The Copley Square Hotel in Boston, where the pro-Nazi Christian Front had its offices until 1940, August 2017 (Matt Lebovic/The Times of Israel)
A key link between Scholz and Moran was the transcript of Scholz’s trial at Nuremberg, where the fallen Nazi diplomat spoke about working in Boston with Moran. Additionally, funds from the SS helped Moran obtain offices in the elegant Copley Square Hotel, where the Front posed as a Constitution defense group until 1940.
Also that year, the FBI disbanded New York City’s Christian Front as a terror cell. Alarmed that the Front continued to operate in Boston, British leaders authorized MI6 spies to create a grassroots counter-movement in the heart of New England: the Irish-American Defense Committee. Composed of Catholics opposed to Nazism, the committee’s “shadow war” against the Front helped drive “the Nazis of Copley Square” underground in 1942.
‘Marauding anti-Semitic bands’
Even after Boston police shut down the Christian Front in 1942, violence against Jews intensified during each year of the war. A generation of anti-Jewish incitement had been ingrained in every level of society, from Harvard University’s pro-Nazi president to adolescent boys racking up their count of “Jew hunt” victims.

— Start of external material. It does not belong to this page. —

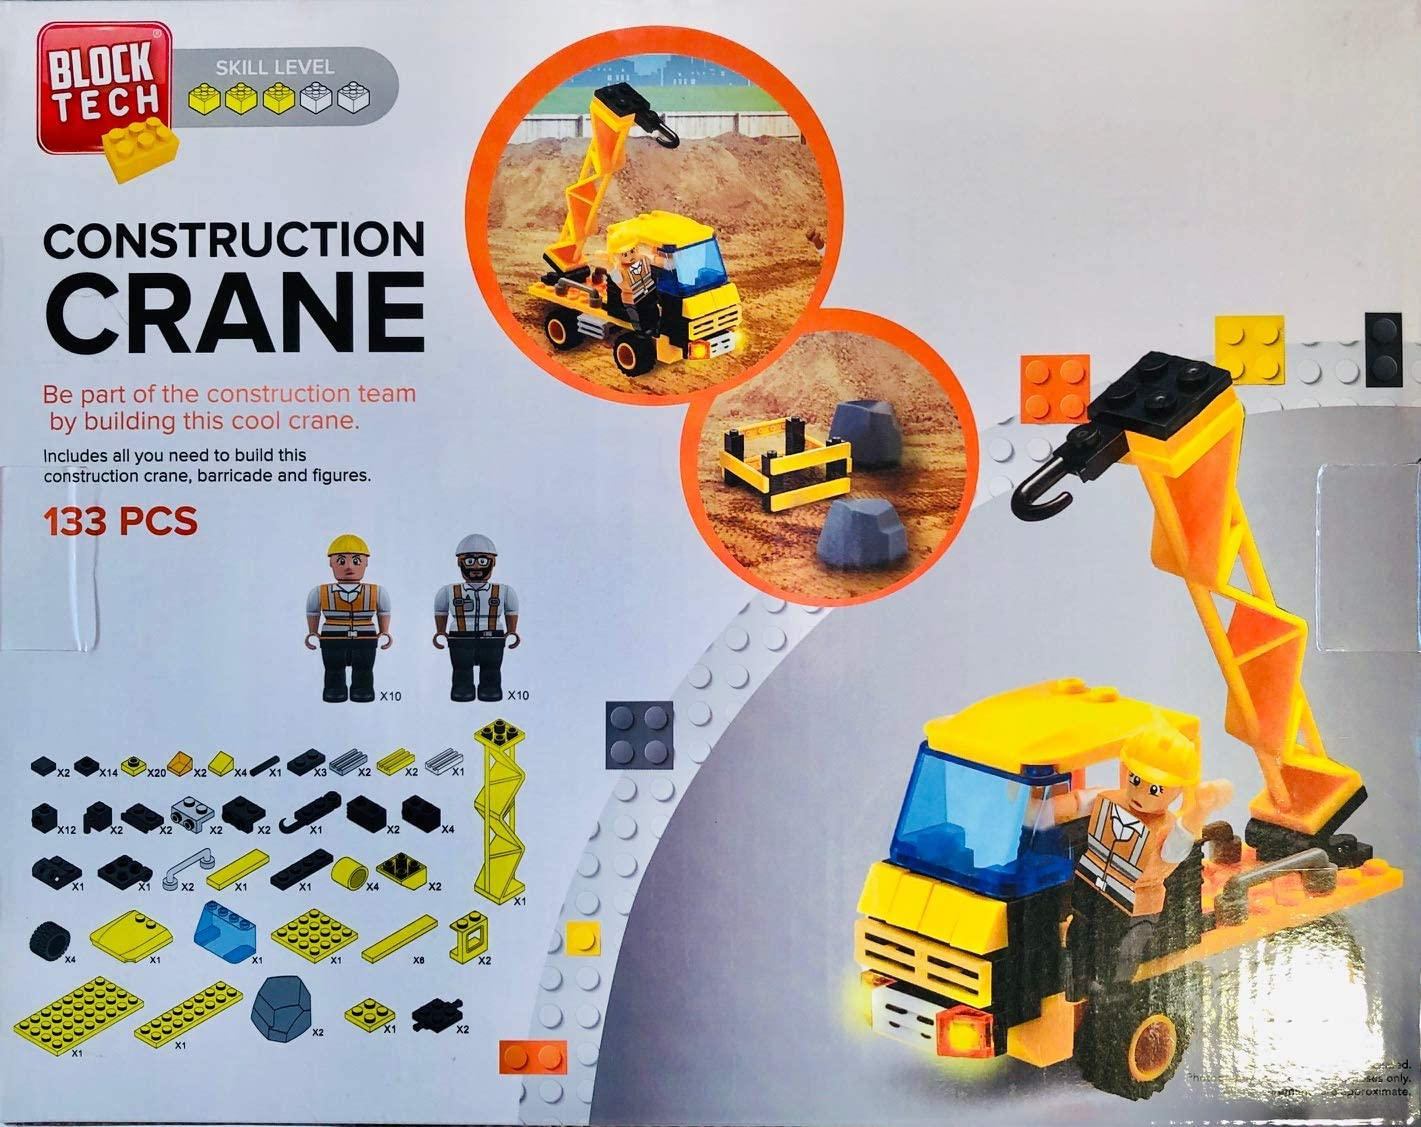 Block Tech Construction Crane

In October of 1943, one such gang severely beat two Jewish boys, Jacob Hondas and Harvey Blaustein. Upon arriving on the scene, law enforcement arrested the Jewish adolescents and brought them to Station 11, where Boston police officers beat them with rubber hoses. Even after these affronts, a judge ruled against the victims and fined them.
Father Charles Coughlin, known as ‘the founder of hate radio,’ was a leading proponent of American anti-Semitism during the 1930s (public domain)
“These attacks on Jewish children are the complete responsibility of Governor Saltonstall, Mayor Tobin, the church and the clergy — all of whom have for three years buck-passed and ignored the tragedy,” declared Frances Sweeney, publisher of “Boston City Reporter” and a formidable opponent of the Christian Front.
Calling Boston the most anti-Semitic city in the country, Sweeney reminded the public of past persecution endured by fellow Catholics. Known as “a one-woman crusade” against the Front, Sweeney also operated a “rumor clinic” out of the Boston Herald to combat Axis propaganda.
Thanks to Sweeney and other upstanders, anti-Semitism in Boston subsided after the war. The Jewish community started to organize, and a new church leader — Cardinal Richard Cushing — reached out in reconciliation. Although violence against Jews beset some of the same neighborhoods in the decades to come, those tensions were unrelated to the forgotten Nazis of Copley Square.